Mutmacher: Meine Mutter oder es ist nie zu spät, das Leben zu genießen

Als meine Mutter in Rente ging, träumte sie davon, in einem Wohnmobil kreuz und quer durch Europa zu reisen. Mein Vater hielt nichts von dieser Idee und so blieb sie zuhause, kümmerte sich um ihre Enkel und schuf einen wunderschönen Garten. Sie schloss sich einer Wandergruppe an, besuchte regelmäßig eine Frauengruppe, kaufte ein Abonnement für das Theater und ging regelmäßig zum Sport.   

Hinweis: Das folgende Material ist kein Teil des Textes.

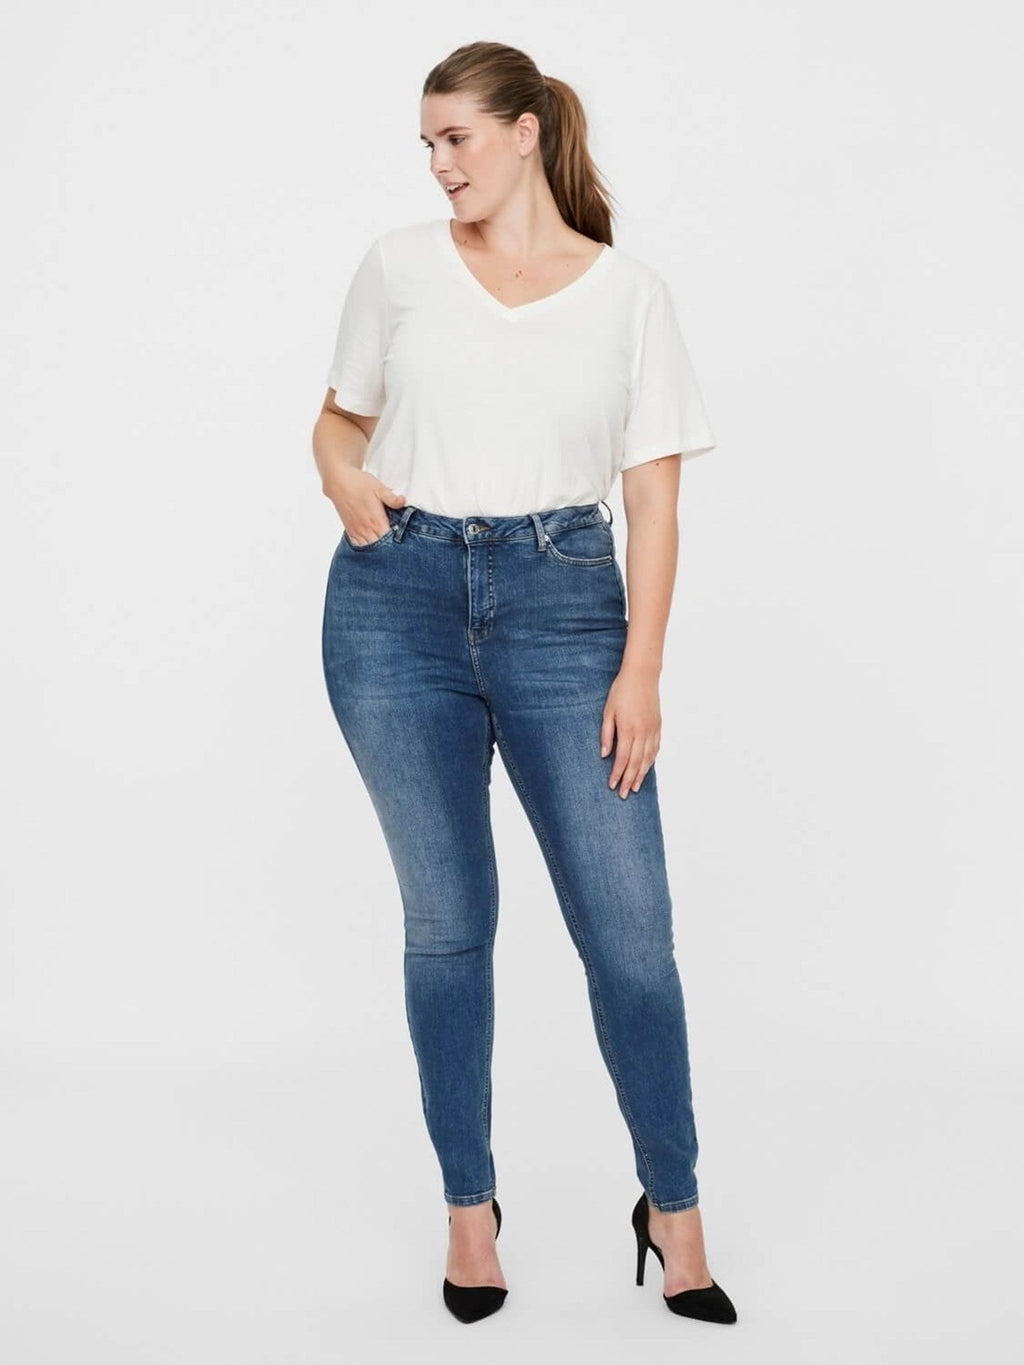 Lora Jeans de cintura alta (curva) - mezclilla azul medio

Dann erkrankte mein Vater und meine Mutter pflegte ihn 9 Jahre hingebungsvoll. In dieser Zeit ließ sie ihn nur während seines Mittagsschlafs allein. Zum Glück dauerte dieser mindestens zwei Stunden, sodass sie wenigstens in Ruhe einkaufen konnte. Sie verbrachte ihre Tage damit, im Garten zu arbeiten, das Haus instand zu halten und mit meinem Vater Kniffel, Domino und Mensch-ärgere-dich-nicht zu spielen. Unsere Angebote, am Wochenende zu kommen, damit sie sich einmal eine Auszeit gönnen konnte, nahm sie in diesen Jahren nur zweimal an.

Als mein Vater schließlich starb, erklärte sie, dass sie fortan frei von jeder Verantwortung sein wollte. Sie verkaufte Haus und Garten und zog in eine komfortable Mietswohnung mit Balkon und Hausmeister. Da war sie 79.

Kurz darauf buchte sie eine Reise nach Polen und eine Reise nach Tirol. Sie fand eine neue Wandergruppe, belegte einen Yoga-Kurs beim Roten Kreuz und ging wieder regelmäßig ins Theater. Sie freundete sich mit einer Gruppe alleinstehender Frauen an und begann mit diesen in der Stadt zu flanieren. Fortan wuchs ihre Garderobe und sie überraschte uns mit farbenfrohen Blusen und Kleidern, die die gedeckten Töne ihrer jüngeren Jahre vergessen ließen. Sie verbannte ihre praktischen Mützen und kaufte sich einen Hut. Zu Weihnachten wünschte sie sich Make-up und zum Geburtstag ein neues Smartphone.  

Irgendwann fiel der Name Detlef immer häufiger. Sie hatte ihn in der Wandergruppe kennengelernt und er teilte ihre Leidenschaft fürs Fahrradfahren. Mit ihren E-Bikes erkunden die beiden die Umgebung, fuhren locker mal 50 oder 60 Kilometer. Unterwegs kehrten sie ein und genossen ein schönes Stück Torte oder ein Gläschen Wein.

Dann kam die Pandemie. Das Theater schloss, das Wandern in der Gruppe fand ein Ende und auch das Flanieren mit Maske vorm Gesicht machte nicht mehr so richtig Spaß. Wer nun glaubt, dass meine Mutter sich resigniert und ängstlich in die Wohnung zurückzog, der kennt meine Mutter nicht. Montags trifft sie sich nun mit Margot zum Spazierengehen, dienstags ist sie meist mit Inge verabredet, donnerstags macht sie ihre Einkäufe und mittwochs und freitags trifft sie Detlef. Wenn das Wetter es zulässt, machen sie nun unterwegs ein Picknick. Wenn es kalt ist, dann gibt es anschließend ein Stück Kuchen bei meiner Mutter in der Wohnung. Am Wochenende kriegen wir sie endlich mal zu Gesicht.

Ihre Augen glänzen und sie bewegt sich wie ein junges Mädchen. In einigen Wochen wird sie 84 und ich bin stolz auf sie.